In the entries below, begin at the line that has "box calf, GHW" and stop after the line that has "Chainsaw Man' anime"; output those lines exactly, leaving out pictures.

### GIVEN RECORDS
[Start of Attachment]

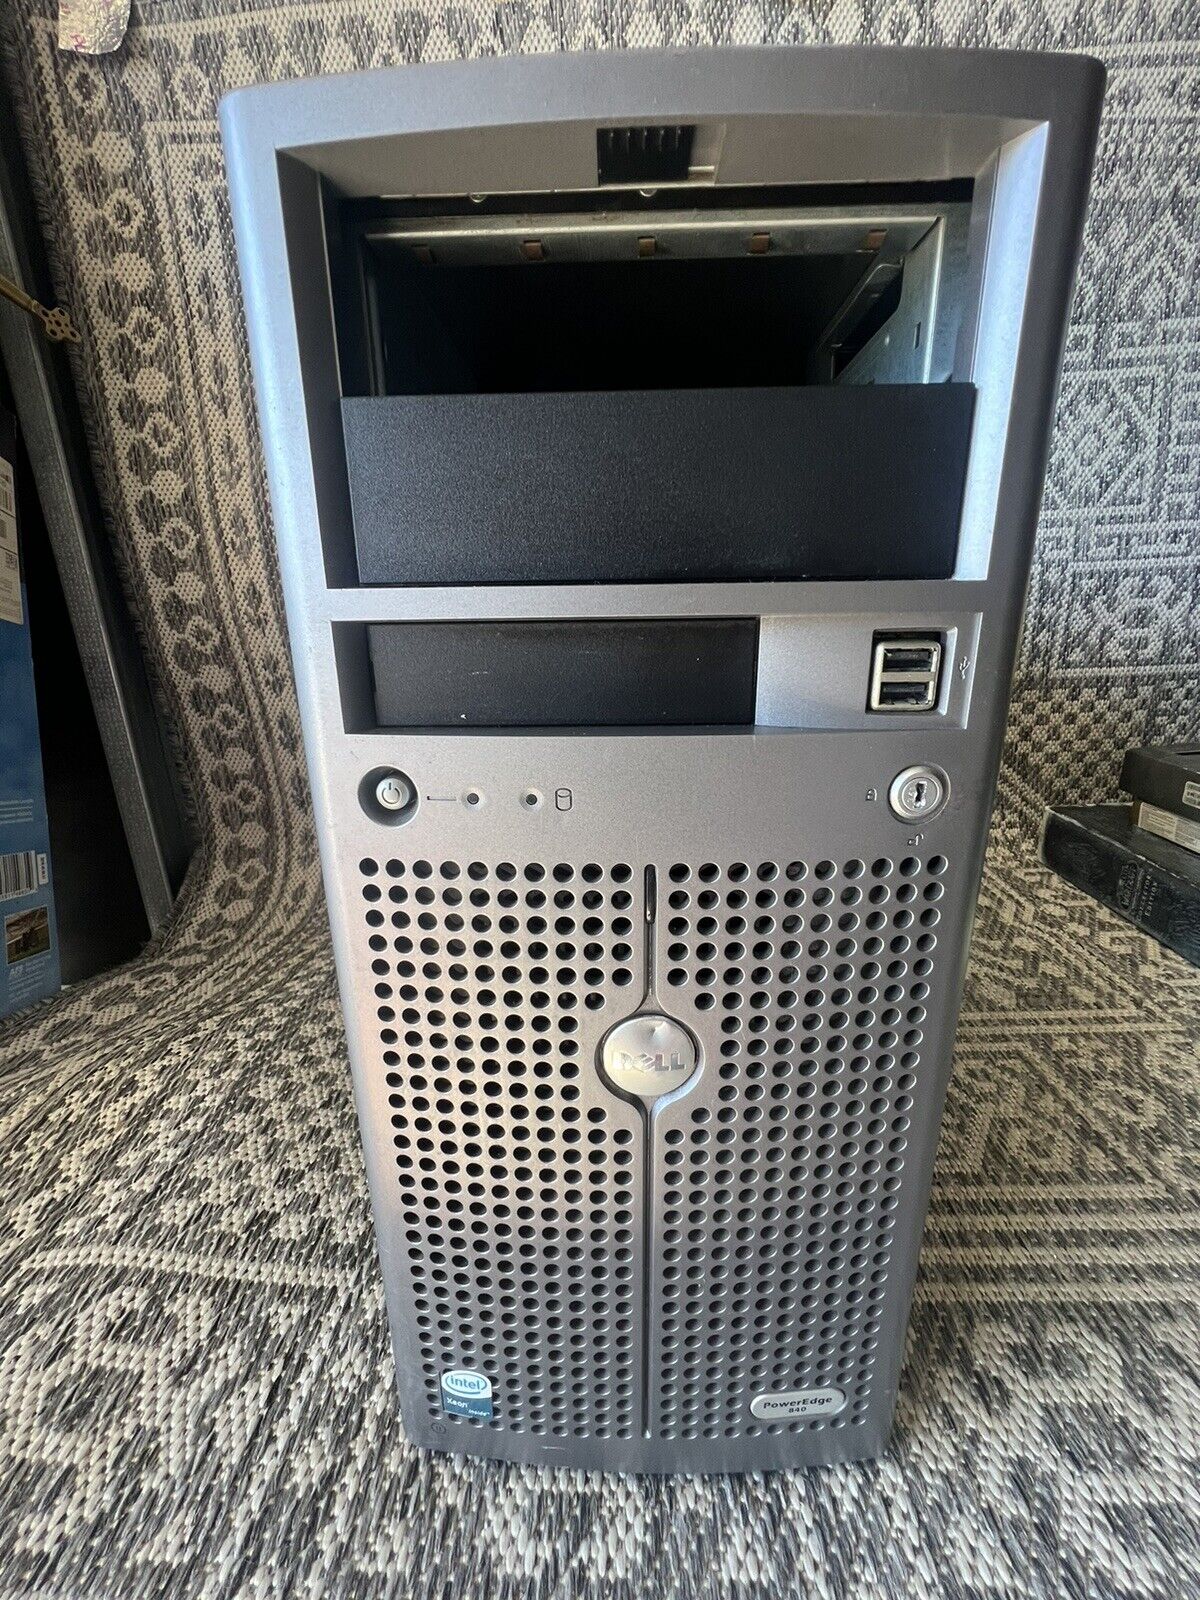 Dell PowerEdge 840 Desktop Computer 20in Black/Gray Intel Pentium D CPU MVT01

[End of Attachment]
[Start of Attachment]

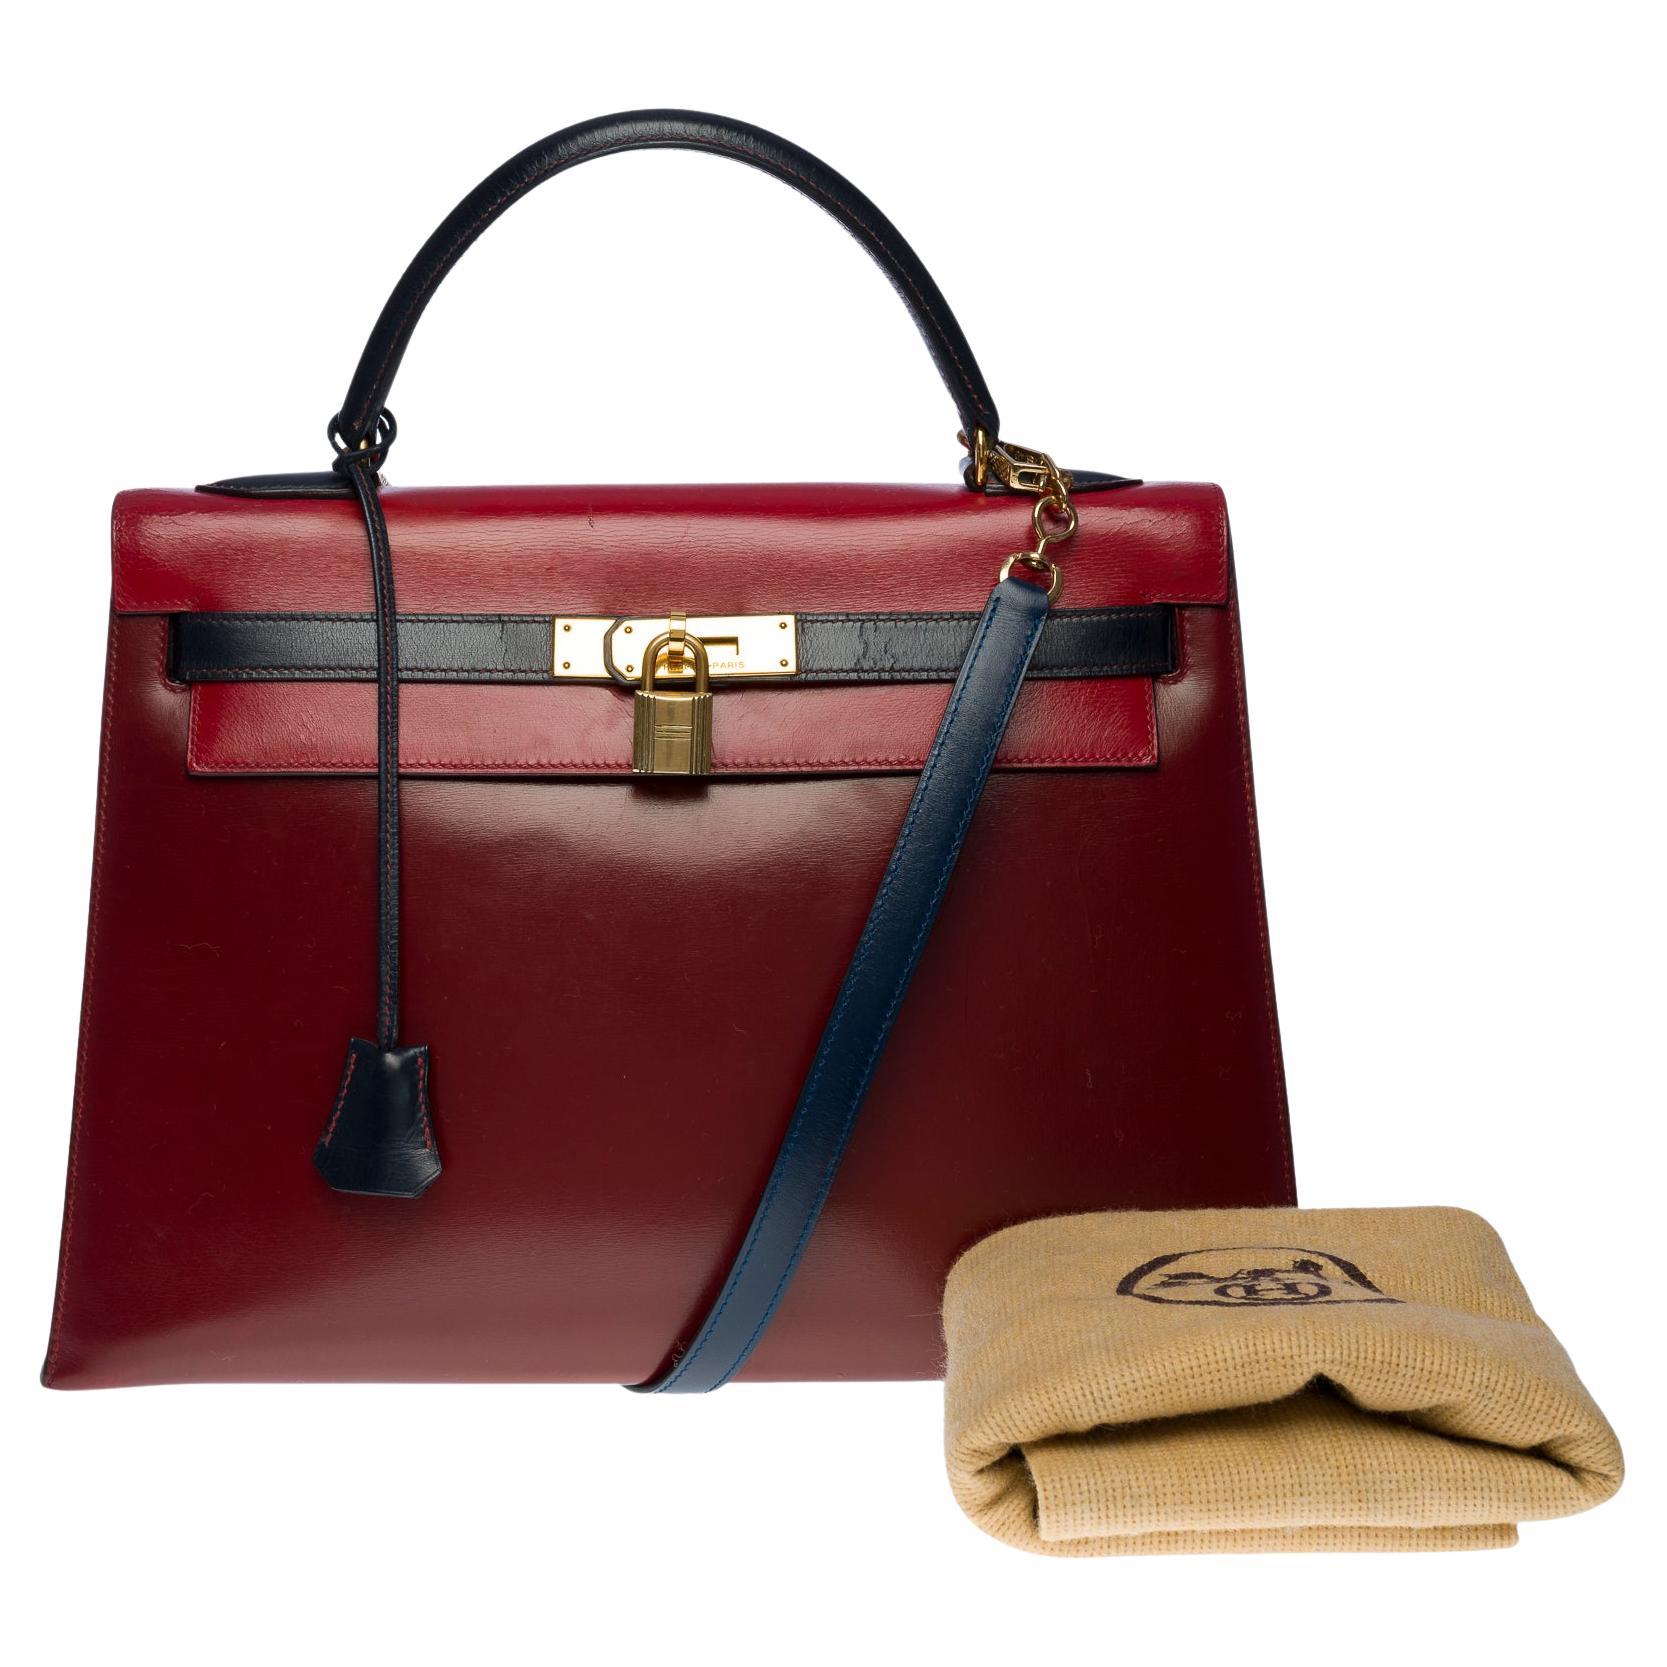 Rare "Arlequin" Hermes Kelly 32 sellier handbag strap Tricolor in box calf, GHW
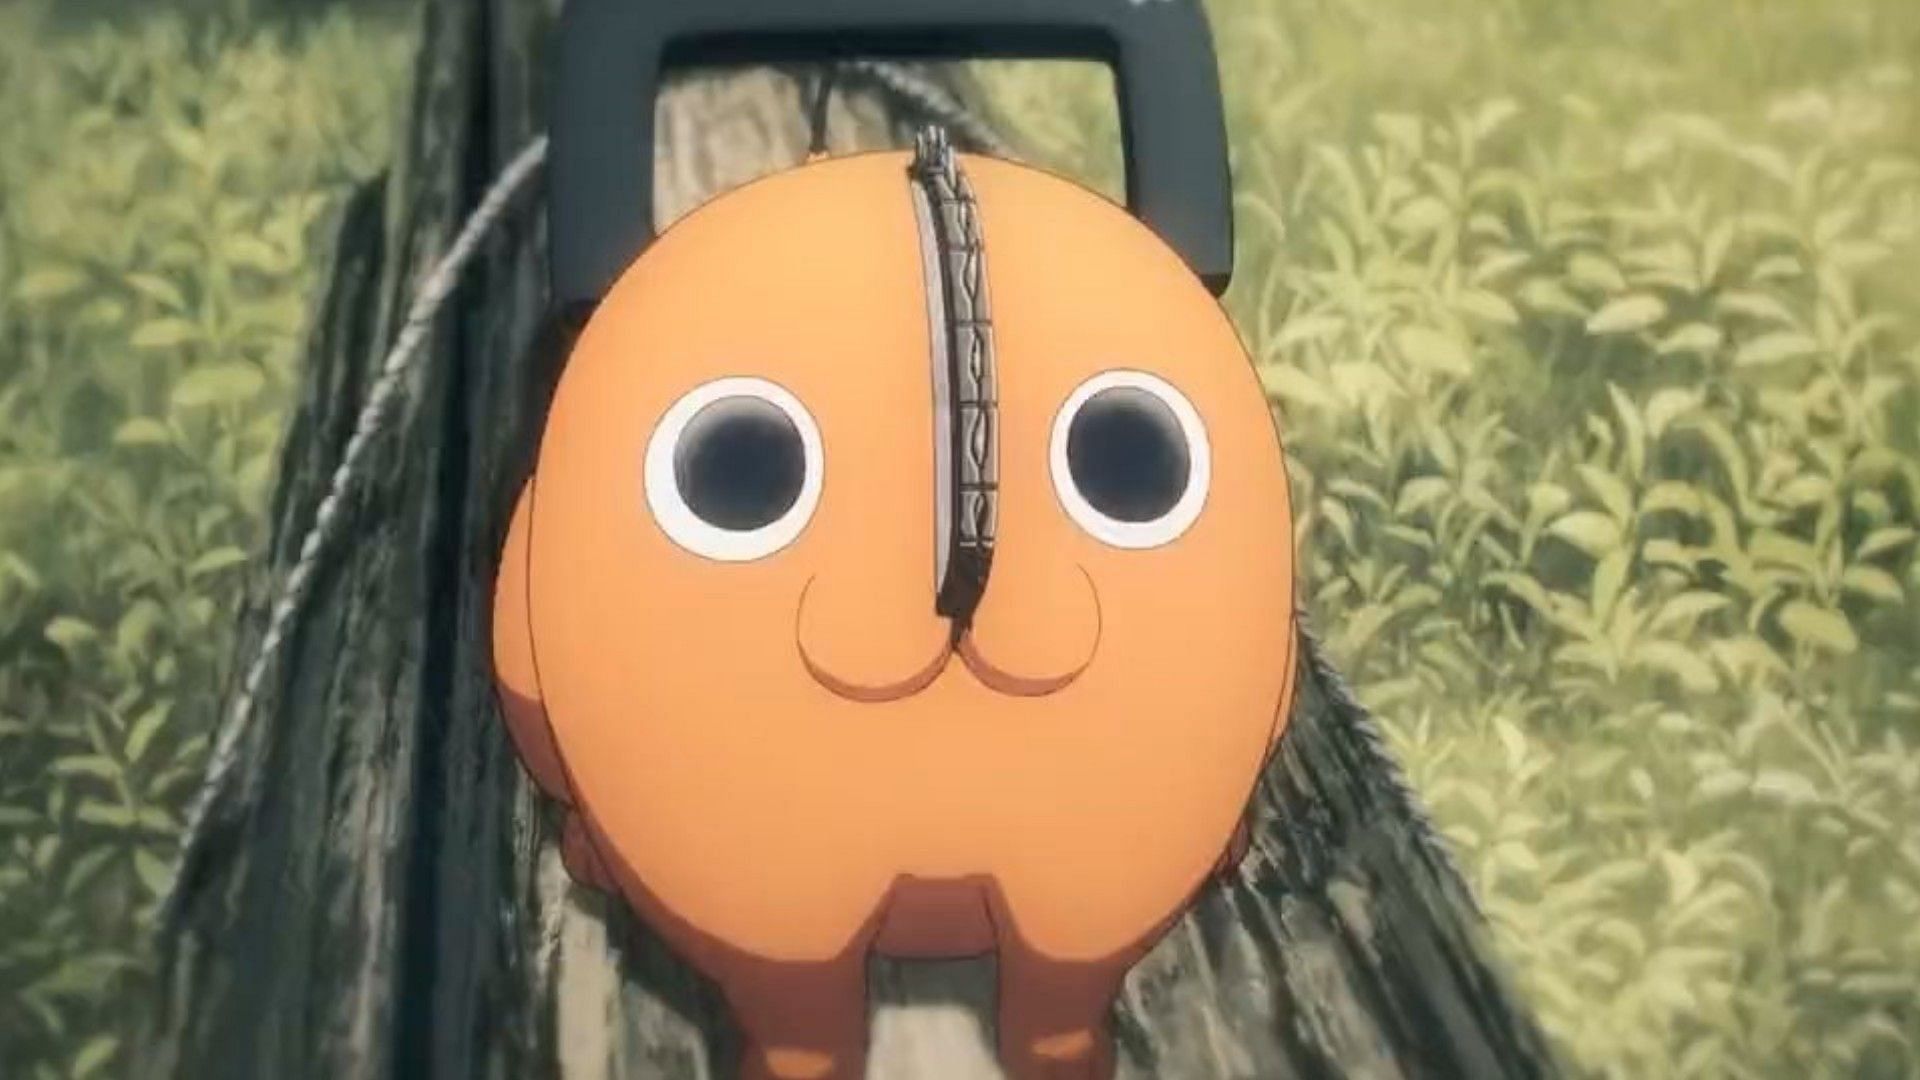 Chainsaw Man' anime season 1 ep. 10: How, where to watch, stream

[End of Attachment]

### TASK SOLUTION
 Rare "Arlequin" Hermes Kelly 32 sellier handbag strap Tricolor in box calf, GHW
 Chainsaw Man' anime season 1 ep. 10: How, where to watch, stream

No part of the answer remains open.